Essentially, what Craig Venter and Blue Heron Technologies pulled off with the world’s first synthetic genome (where chemical synthesis produced 1000-base long strands of DNA which were then stitched together to form a 1,000,000-base long novel organism) was synthesis 1.0.
Here’s why. Traditional DNA synthesis (chemical synthesis) has a 99 percent accuracy rate per 100 pairs—an impossible to manage error rate when synthesizing anything larger than a virus. But the DNA laser printer is always 100 percent accurate—hypothetically to any strand length.
And while the technology is not yet market ready (so nobody really wants to talk numbers), it bodes well for a radical shift in cost. Right now, synethesizing really short strands of DNA is about 25 cents a base (for simple work). More complex assemblies can still be as high as a $1 a base.
Once up and running, the DNA laser printer should bring this down by a factor of 1000 (some say as much as a million). Meaning, for the first time, it will soon be possible to print everything from n-to-1 personalized medical treatments (tucked inside of custom-built viruses) to entirely novel organisms….
And that’s only the first part of the news.

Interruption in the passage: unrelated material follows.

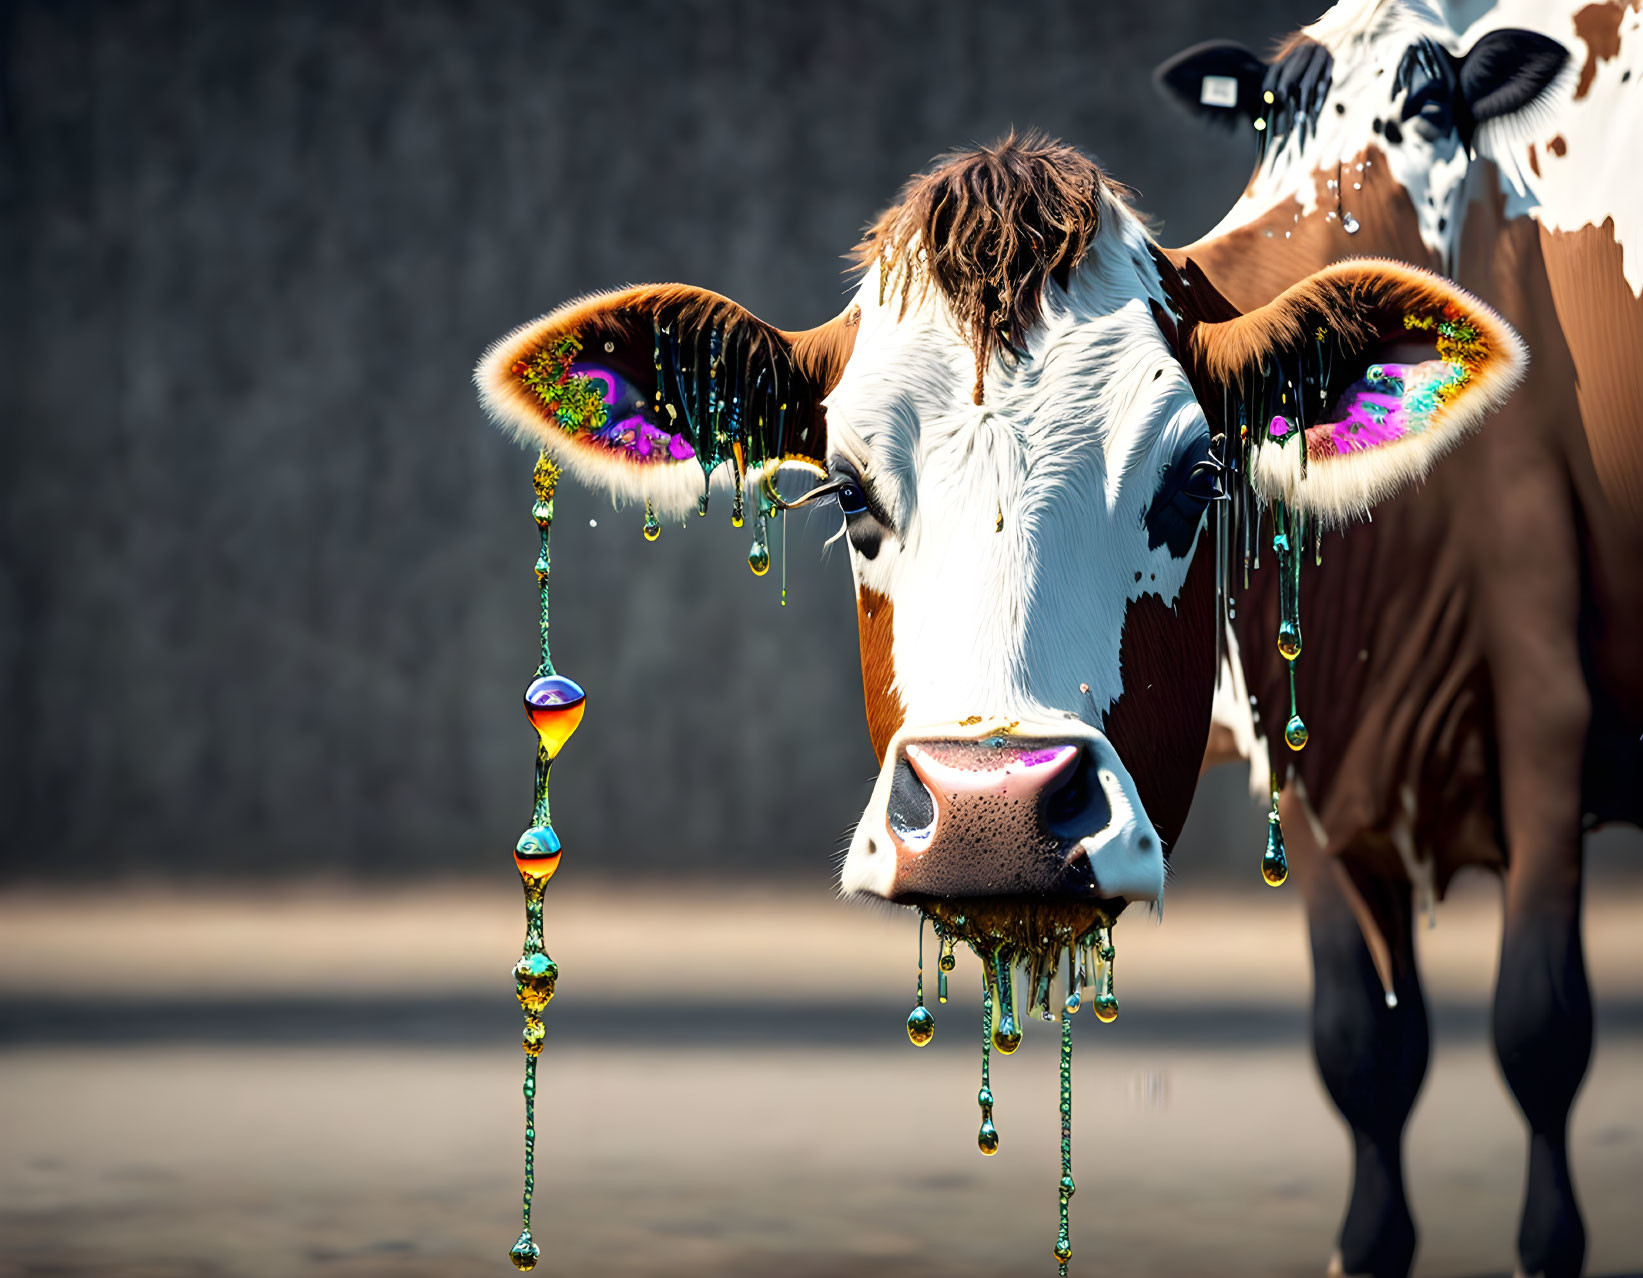 Colorful Paint Dripping on Cow's Horns in Blurred Background

A little while back, The Rare Genomics Institute (RGI), a non-profit organization that uses genome sequencing and other biotechnology to help children with rare genetic diseases, decided to launch a pilot crowdfunding project. Ten kids with rare and unidentified childhood diseases were chosen. Their stories then told online, in a Kickstarter-style campaign. The raised funds paid for DNA sequencing of their genomes. RGI also assembled a team of volunteer experts to cull through the data, hunting for rare defects that would otherwise elude standard medical testing.

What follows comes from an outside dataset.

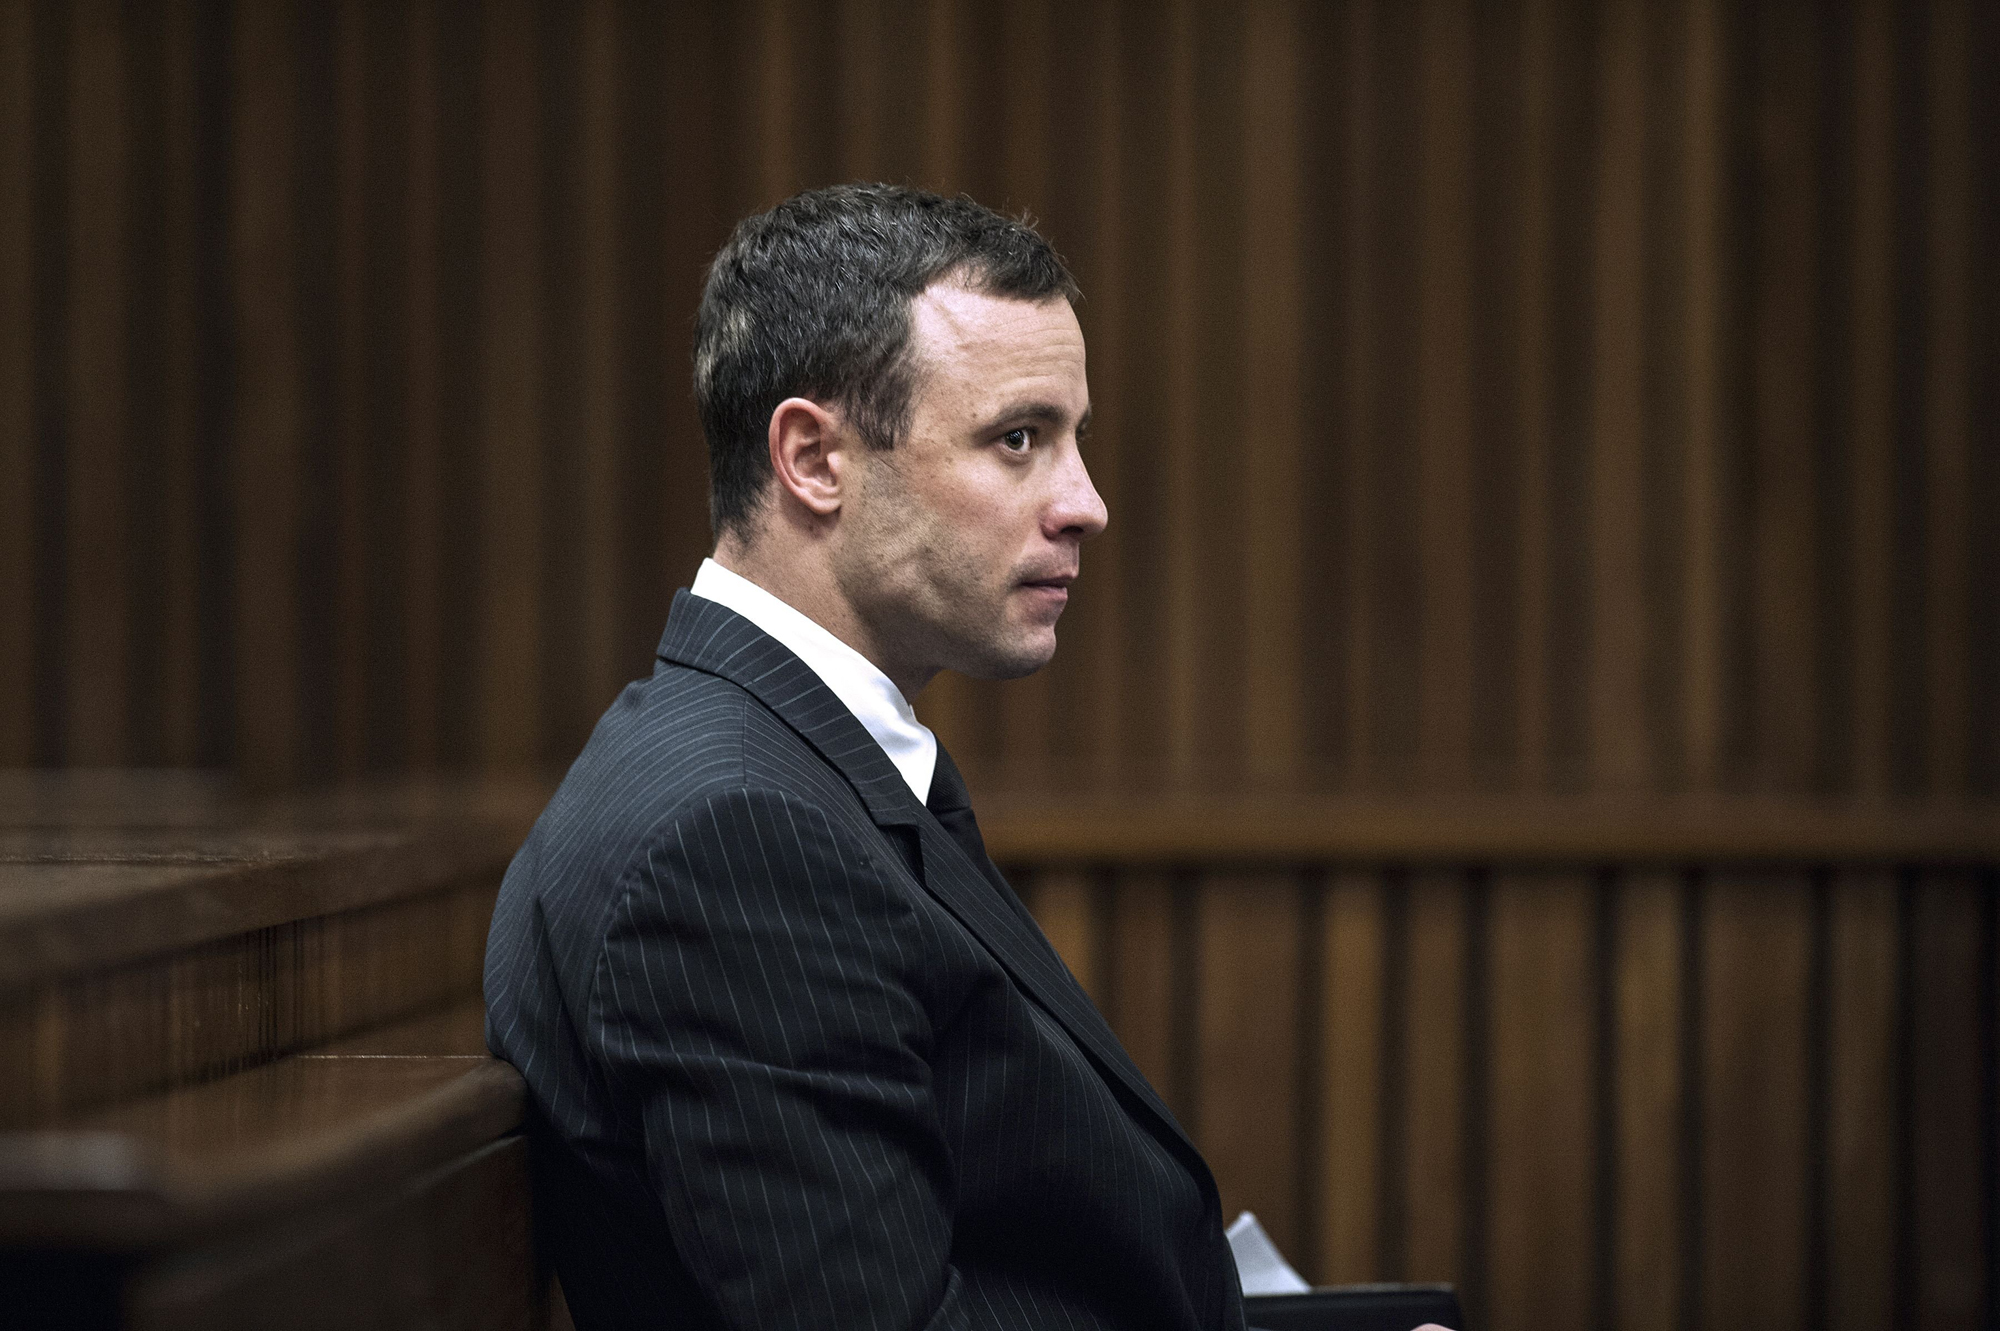 Paralympian Oscar Pistorius sits in the dock during his murder trial at the High Court in Pretoria, on July 2, 2014.

Just yesterday, in a little girl named Maya Neider, a rare defect was discovered—and it may indicate a brand new disease.
“Though we need to do further research to confirm this first gene discovery, it is a major milestone,” said RGI founder Jimmy Lin, MD, PhD, a physician-scientist on the faculty at Washington University in St. Louis and a 2012 TED Fellow. “The most exciting part of Maya’s project is that we are enabling research that could not exist otherwise. Through RGI’s network of academic institutions and crowdfunding, we hope to remove the barriers to technology access and funding to empower families like Maya’s to advance research for their loved one’s rare disease.”
But when these technologies are combined, as Singularity University synthetic biologist Andrew Hessel explains, things get downright revolutionary: “Right now, this work is being done by scientific leaders, but with these sorts of democratizing breakthroughs, it won’t take much to create whole industries. An eco-system is developing. The pipeline of potential applications is going to be enormous.”